Ghanaians deported from Libya and Niger

Sixty-nine Ghanaians who set out on a journey to Libya were on Tuesday repatriated home and handed over to the immigration authorities.

The returnees mainly from the Brong Ahafo, Ashanti and Greater Accra regions, got stranded at the Niger-Libya border and the Niger authorities deported them to Burkina Faso where the Ghana Embassy in Ouagadougou arranged their passage to the Paga border in the Upper East Region.

The Regional Coordinating Council (RCC) got them transported to Bolgatanga. Addressing the deportees on Wednesday, the Regional Minister, Mr. Mahami Salifu said the government would help them to settle and re-organise their lives.
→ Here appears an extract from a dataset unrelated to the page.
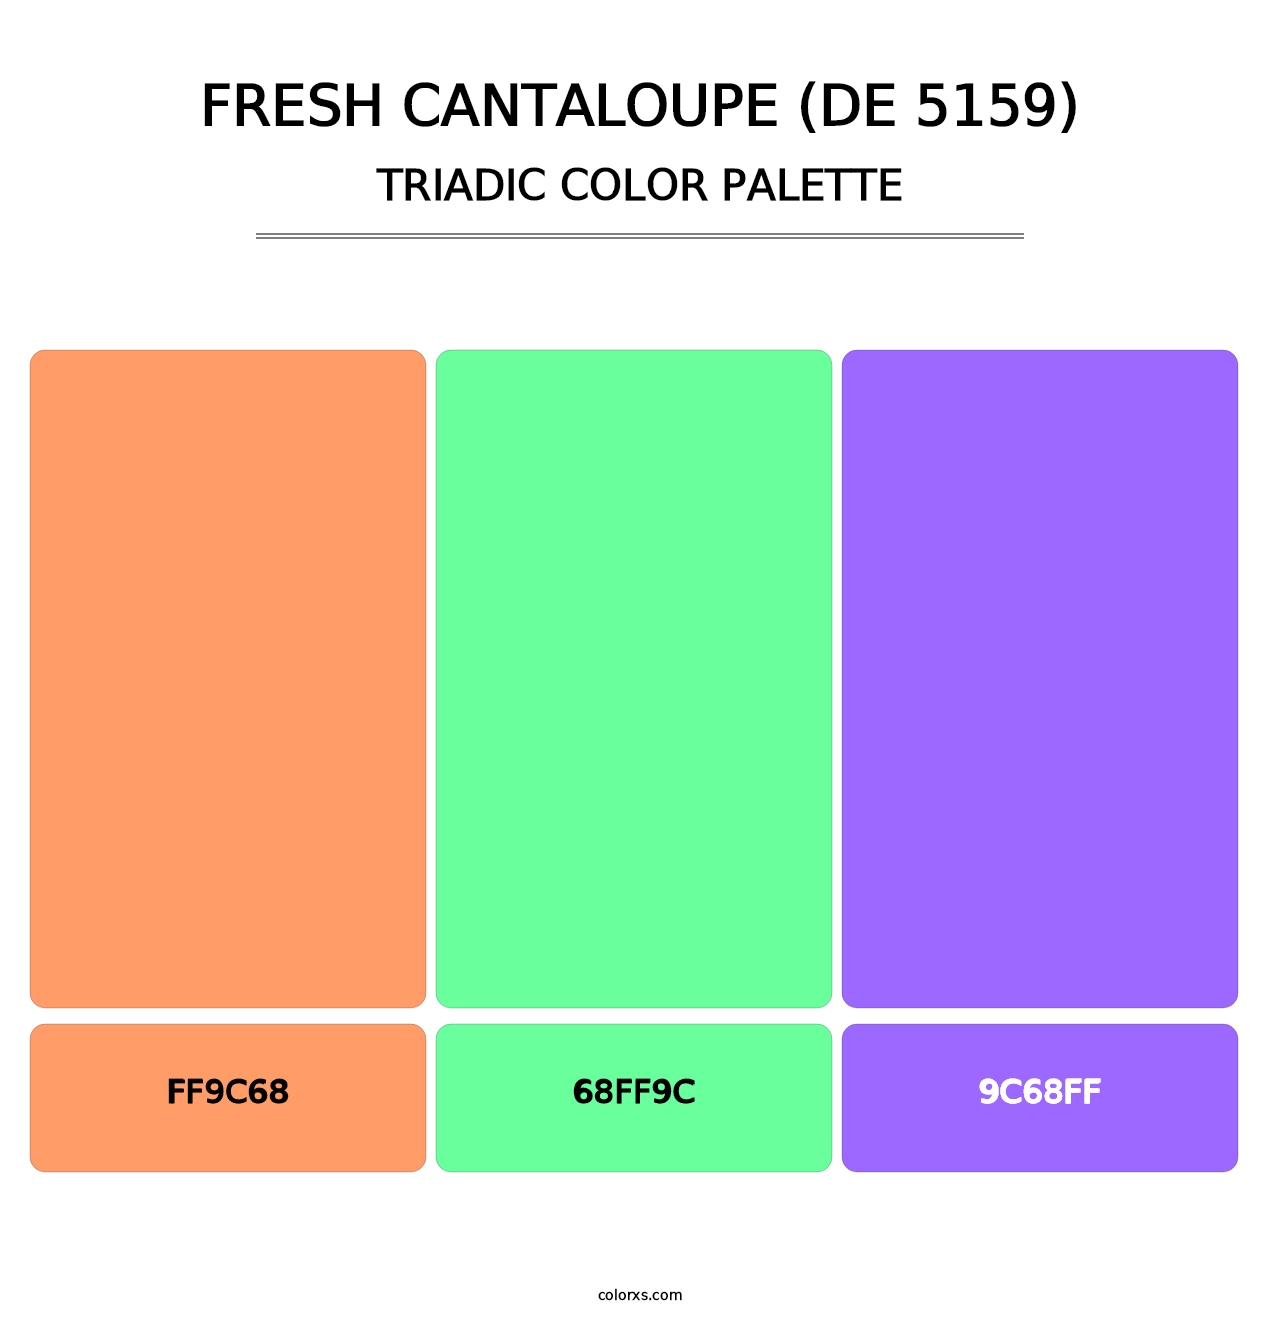 Fresh Cantaloupe (DE 5159) - Triadic Color Palette

He said youth unemployment is one of the major problems the government is grappling with by initiating concrete measures to provide job avenues.

Mr Salifu cited the introduction of the emergency social relief programme as one of such measures and advised the deportees to organise themselves into groups in their various communities so that they can benefit from the fund.

"Ghana is your home and she needs you more than the place you were struggling to go'', he said, and advised them to refrain from embarking on such perilous voyages in future.

A spokesman for the group, Mr Hayford Donkor from Kumasi, said about 600 other Ghanaians are currently stranded at Droku, a village on the Niger-Libya border, with no money to pay for their passage back home.

He appealed to the Ghana Embassy in Niger through the Regional Minister to arrange for their transportation back home.